Kiran I loved this … you write so beautifully. You and Sherri need to collaborate on a book, honestly. I feel like I’m right there when I read what you write, Sherri has that same kind of impact. So you two get it together, I would love to have a rich daughter-in-law that would send me on lovely vacations in my old age, ha! So a little advice, make John put him to bed for awhile (sorry John) and I’m betting he starts calling for you
Love you guys!
I loved this…we’re also going to be a blend of Hindu and Catholic with traditions that have held on with questionable strength but I loved your prayers. And the Sanskrit one is also one my parents taught me when I was very young so it hold dear to me. Now I actually know the meaning!!

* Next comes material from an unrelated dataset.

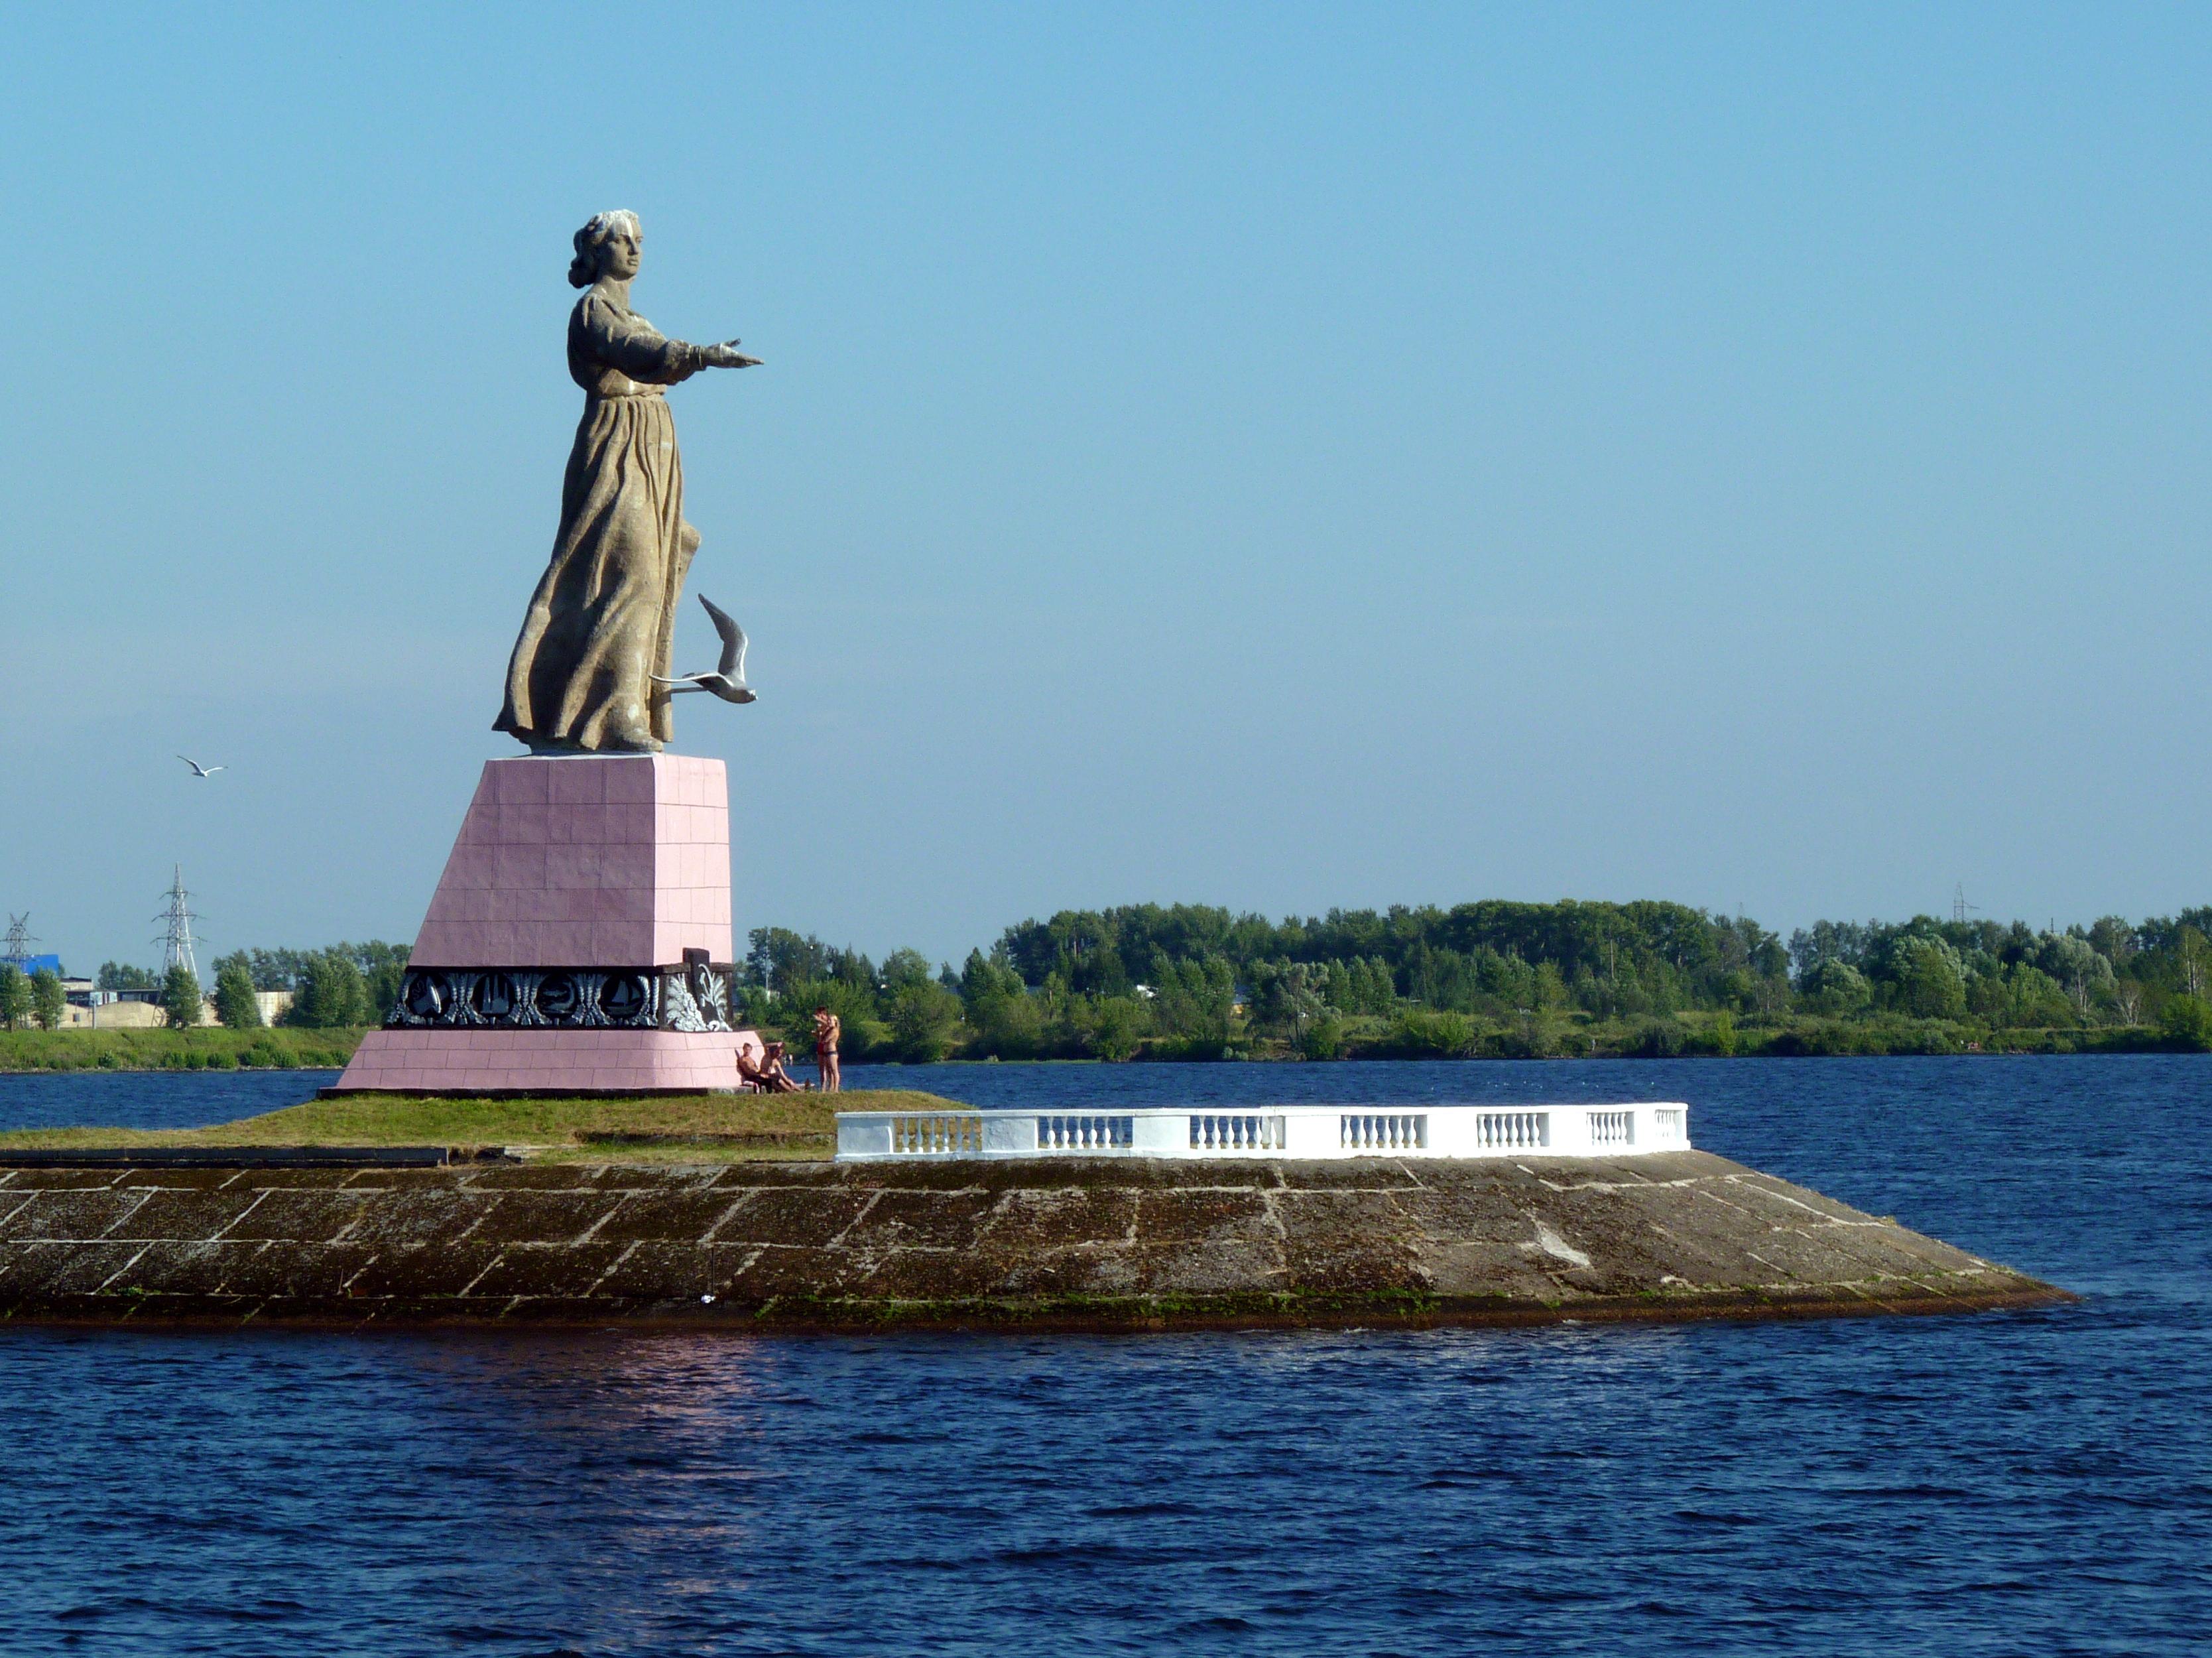 Издалека долго течет в грязи Волга

Hey darling, I know you guys will find the right balance – we’re honestly just to lazy! But if you can incorporate small pieces (at dinner, at bedtime, in the morning) even if you don’t go to church, I think it helps. Mama Deva Deva, Sweetheart.
Kiran
You are not a true parent if you haven’t been stuck your finger up your child’s er, hiny.
(yes I have)
It’s an image that will forever be burned in my mind.
Pingback: Weekend Reading #23
I remember that sanskrit verse from my childhood, too. Oh my goodness, I want to comment on everything I am reading on your blog today, but I’ll stop myself. Will def. be following!
Thanks Ana! I really appreciate you visiting the blog today and will be stopping by yours soon. So you had an Indian-American upbringing too? As for commenting – please do, I am a total comment floozy – love em.
Quick question – the name of your blog – is that in reference to the Counting Crows song? One of my favorite songs EVER.